Хорошо, что они отказались от своего намерения. Если тело начинает вонять, значит, разложение зашло достаточно далеко, и если попытаться поднять его на борт, можно повредить. Тогда будет трудно отличить эти повреждения от тех, что причинили перед смертью. Так что лучше оставить все, как есть.
– Есть соображения, кто бы это мог быть? – Я повел глазами в поисках ручки и бумаги.
– Шесть недель назад пропал местный житель, – ответил Ланди. Если бы я не отвлекся, то обратил бы больше внимания на нотку сомнения в его тоне. – Мы считаем, что многое говорит за то, что это именно он.
– Шесть недель – большой срок, чтобы тело плавало в устье и его не нашли, – проговорил я.
Неудивительно, что яхтсмены ощутили запах. Случалось, что тела плавали неделями, а то и месяцами, но это, как правило, наблюдалось либо на большей глубине, либо в открытом море.

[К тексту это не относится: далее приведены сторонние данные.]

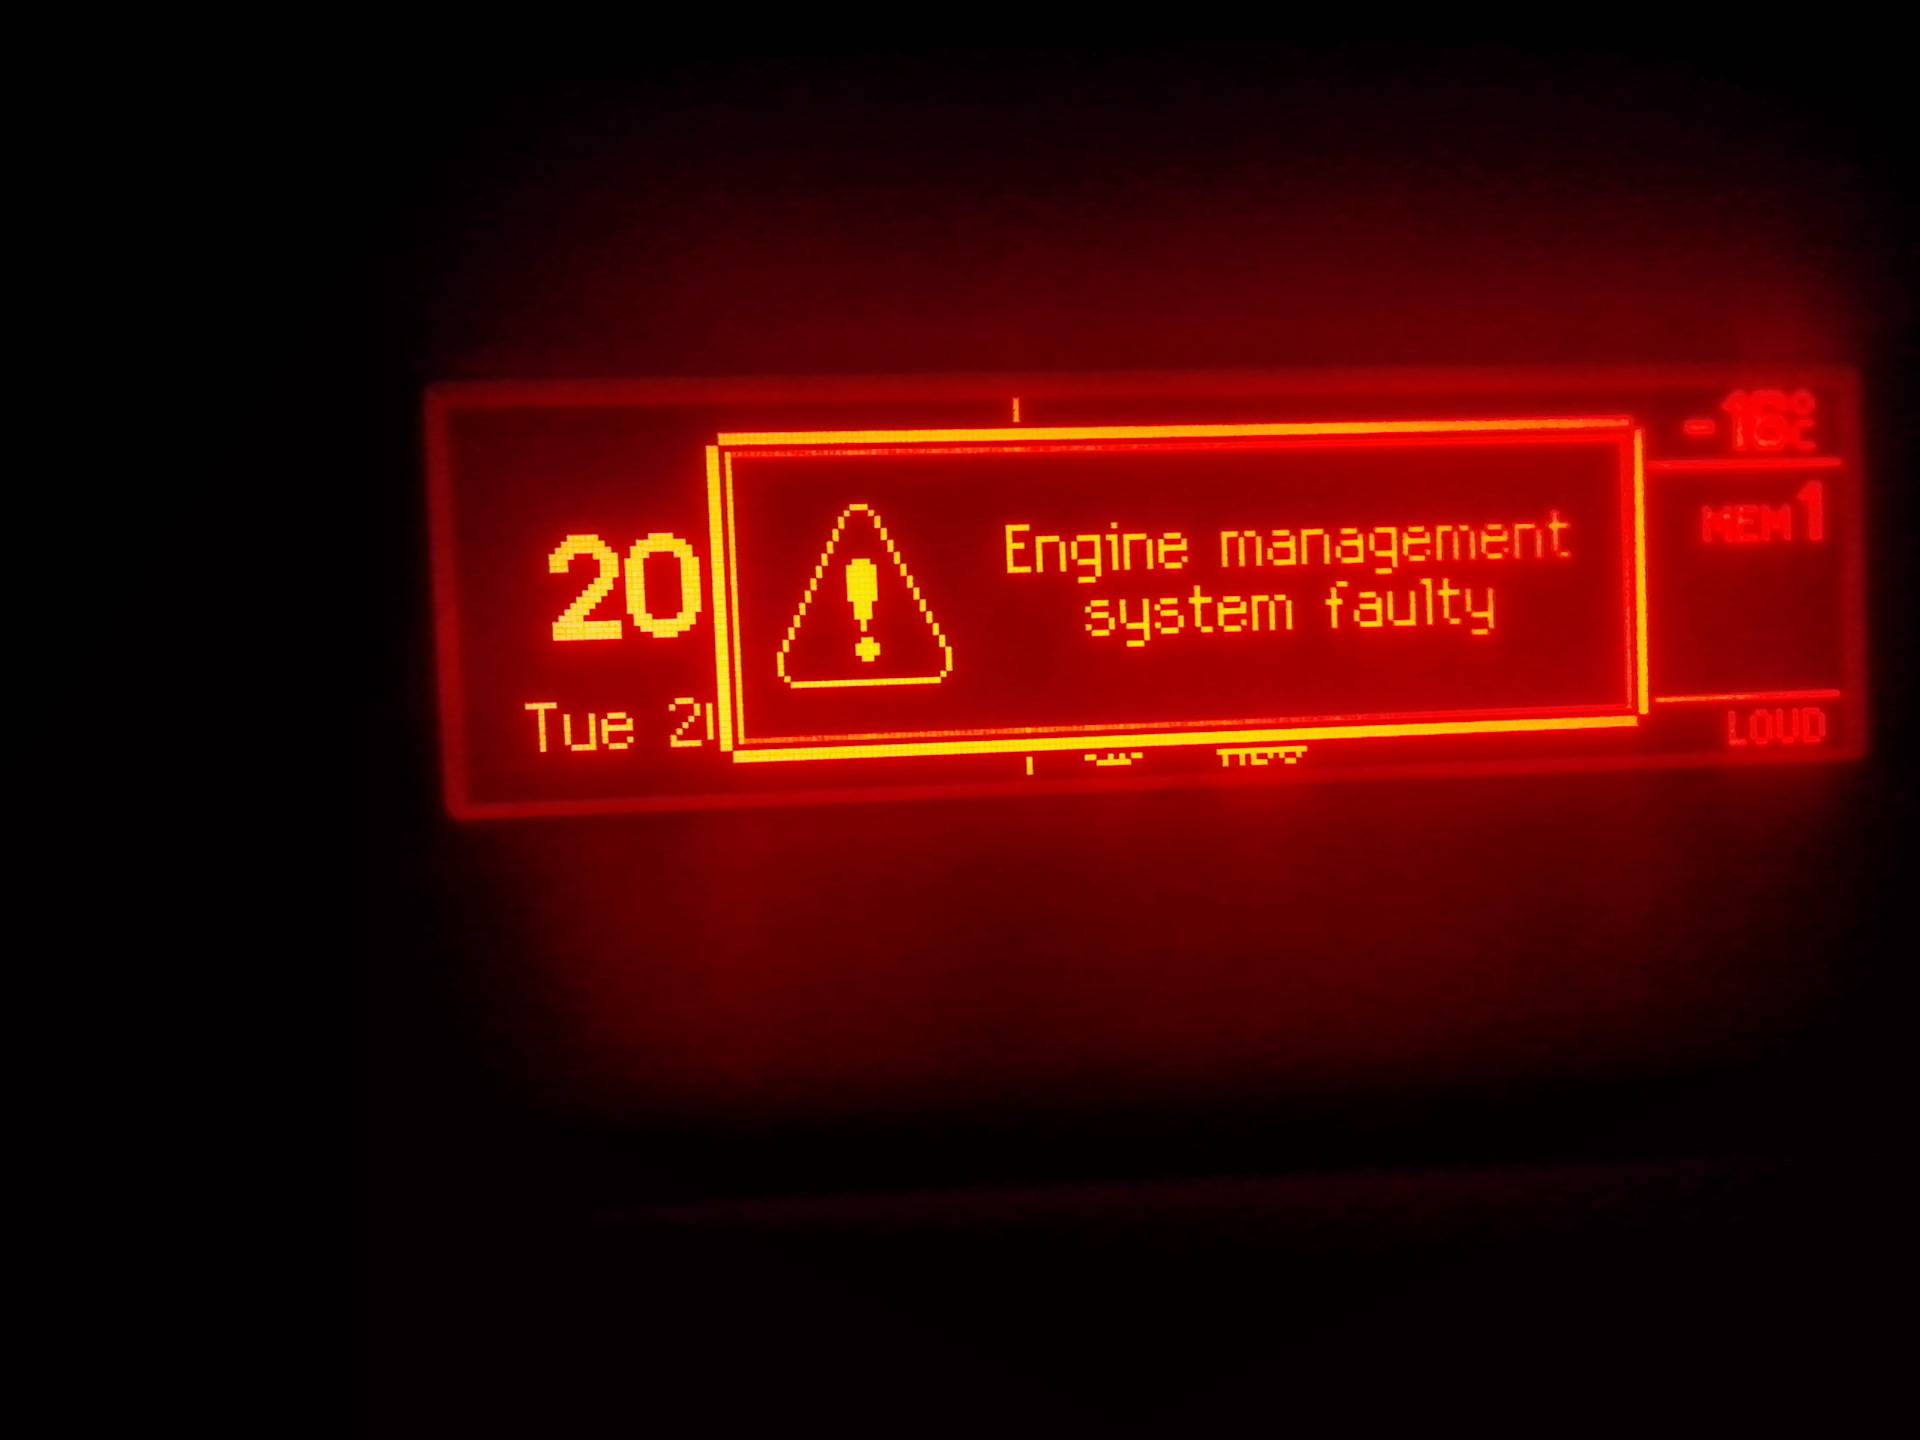 Engine management system faulty ошибка на peugeot (пежо) 308, что делать? — автомобильный портал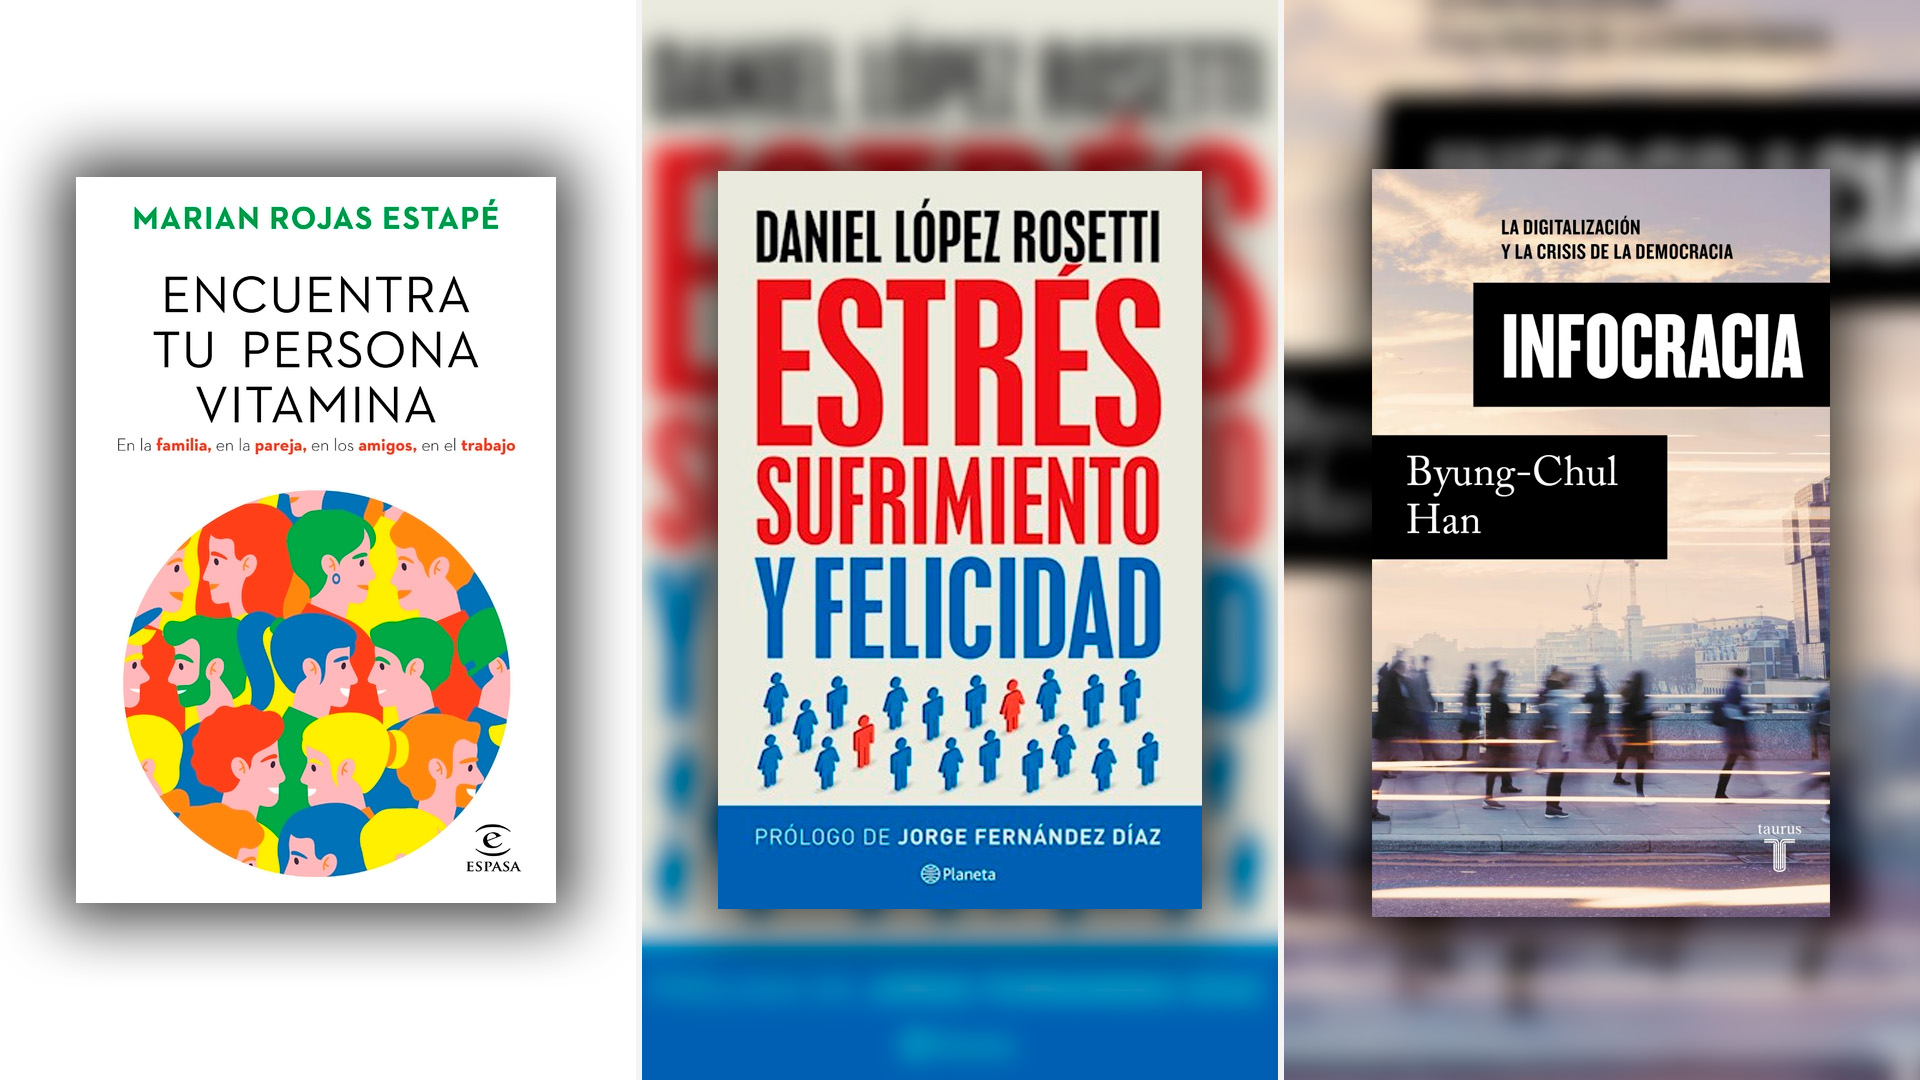 Qué leer el fin de semana: el bestseller “Encuentra tu persona vitamina”, Daniel López Rosetti y Byung-Chul Han por menos de 1.200 pesos argentinos

В устье же, где тело дважды в день будет на мели и на виду, его должны были обнаружить раньше.
– Не совсем так, – возразил Ланди. – Теперь там мало судов и целая путаница заливчиков и затопляемых морской водой низин. Тело могло плавать там неделями.
Я царапал в блокноте, стараясь расписать ручку.
– Что по поводу пропавшего мужчины? Есть вызывающие подозрения обстоятельства?
Снова заметное колебание.
– У нас нет оснований полагать, что в деле замешан кто-нибудь еще.
Меня кольнула осторожность инспектора, и я отложил ручку. Если в деле больше никто не замешан, остаются естественные причины смерти, несчастный случай или самоубийство. По голосу Ланди можно было судить, что первые два пункта он исключает. Но это не объясняло, почему он настолько уклончив.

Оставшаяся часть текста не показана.